PraisonAI CVE-2026-47391 - AI-Agent Exposure Leads a Low-Confidence GHSA Burst
Finding: PraisonAI CVE-2026-47391 A2A example exposes unauthenticated LLM eval path [UNCONFIRMED, single-source]
Confidence: Low/Unverified
Source: GitHub Advisory Database, GHSA-vg22-4gmj-prxw / CVE-2026-47391, from the 2026-05-30 evidence set. GHSA reports that a PraisonAI A2A example can reach eval-like execution paths without authentication. The evidence set records this as a fresh, non-excluded item with no ledger match, but the evidence is still single-source and should not be treated as confirmed exploitation.
The practical question is exposure. If PraisonAI examples, demos or agent PoCs have been published outside a lab-only boundary, owners should check whether any A2A routes are reachable without authentication.

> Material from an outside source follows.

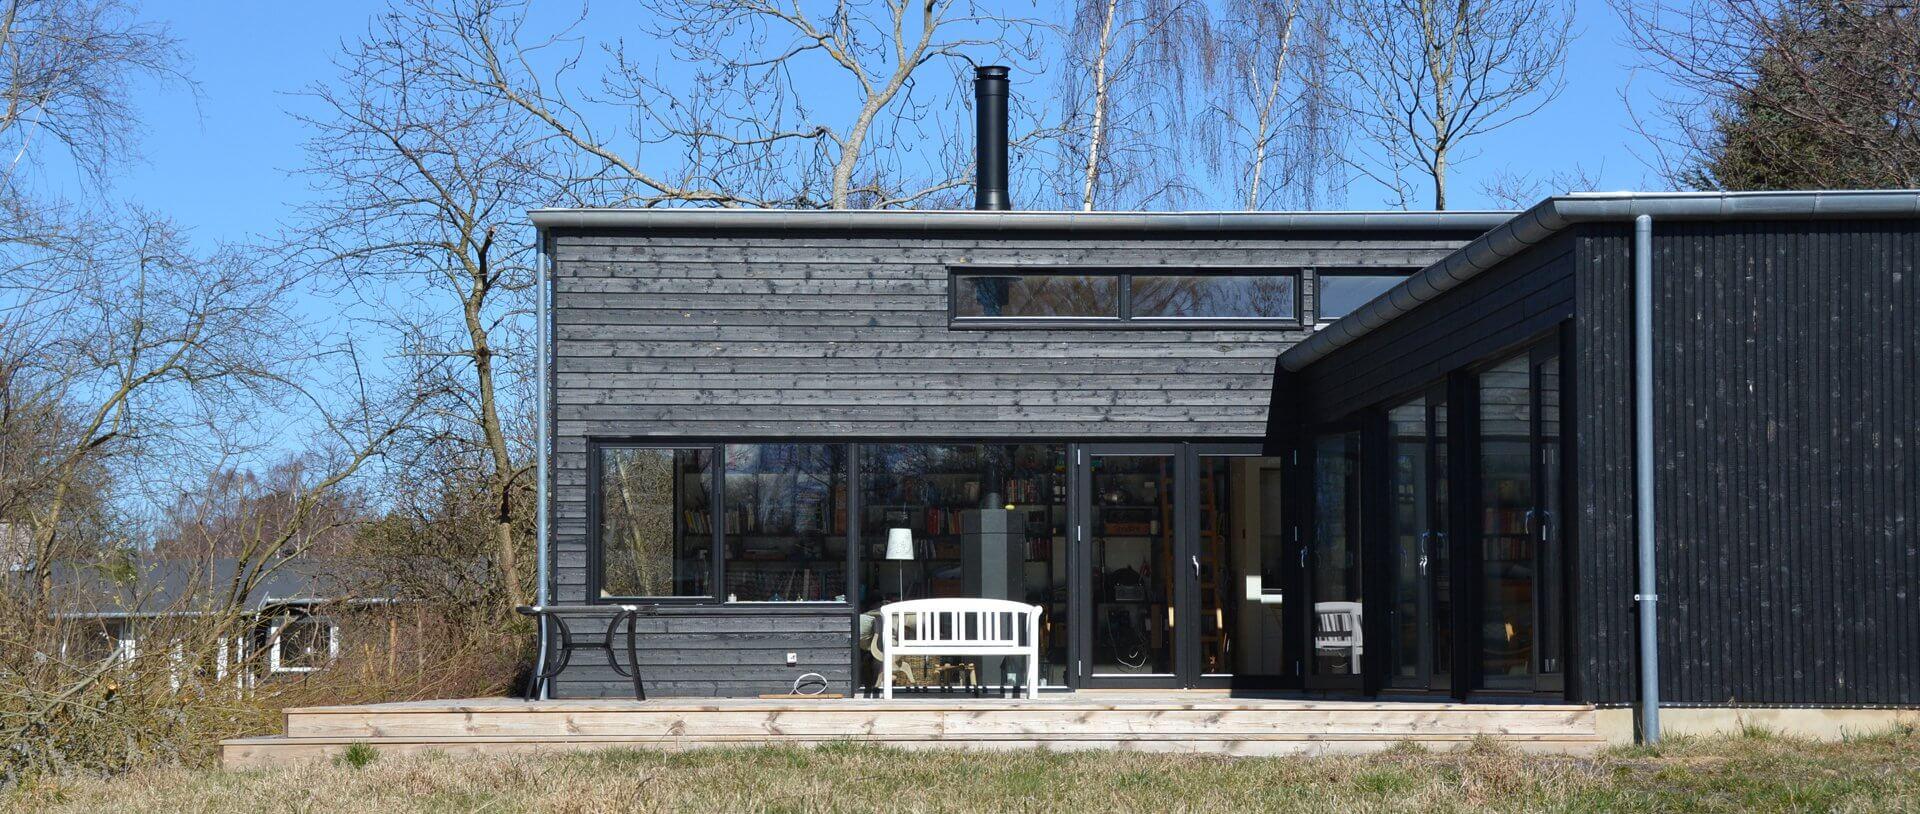 arkitekttegnet sommerhus sort træværk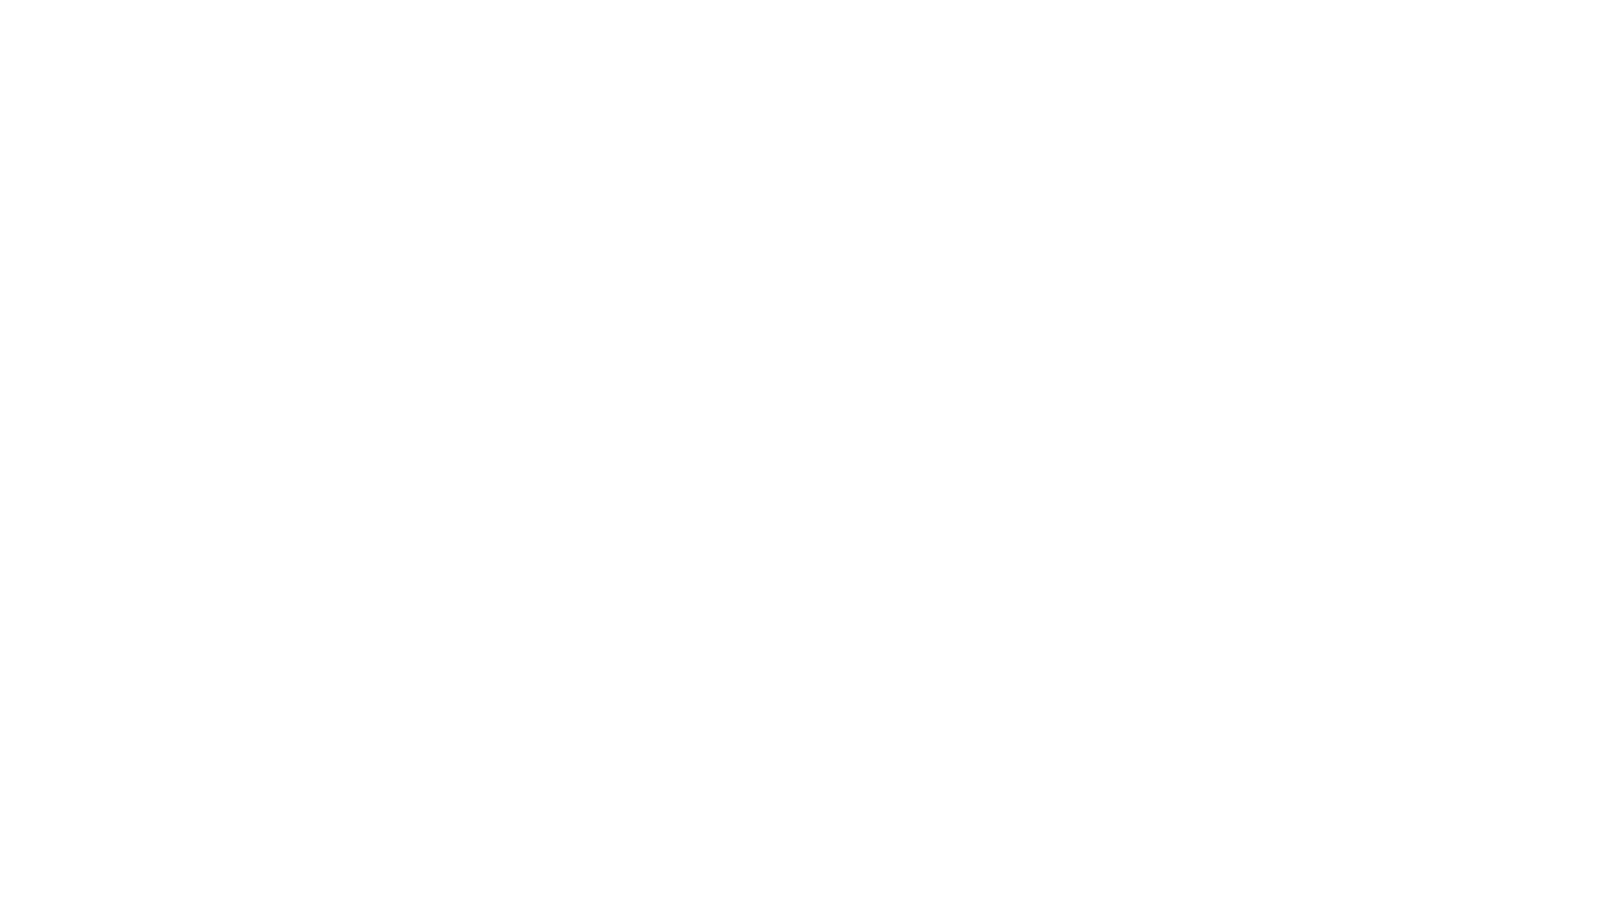 ★ Всё о нас в одном месте https://band.link/97t72 ★ Поддержать музыкантов: https://donate.stream/artklinika ★ Новый EP Арт-Клиники https://band.link/PdPWa ★ Подписка на канал https://goo.gl/ndxV3P ★ Instagram https://instagram.com/artklinika ★ Официальный сайт https://goo.gl/SfSqMq ★ Группа Арт-Клиника ВК https://vk.com/art_klinika ★ Группа на Яндекс.Музыке: http://music.yandex.ru/#!/artist/2641680

This is not an incident claim; it is a targeted inventory and containment task.
Finding: PraisonAI CVE-2026-47398 loader path enables arbitrary code execution [UNCONFIRMED, single-source]
Confidence: Low/Unverified
Source: GitHub Advisory Database, GHSA-78r8-wwqv-r299 / CVE-2026-47398, from the 2026-05-30 evidence set. GHSA reports a PraisonAI loader path involving unguarded spec.loader.execmodule behaviour. The item is a first appearance in the evidence set and sits outside the exclusion ledger.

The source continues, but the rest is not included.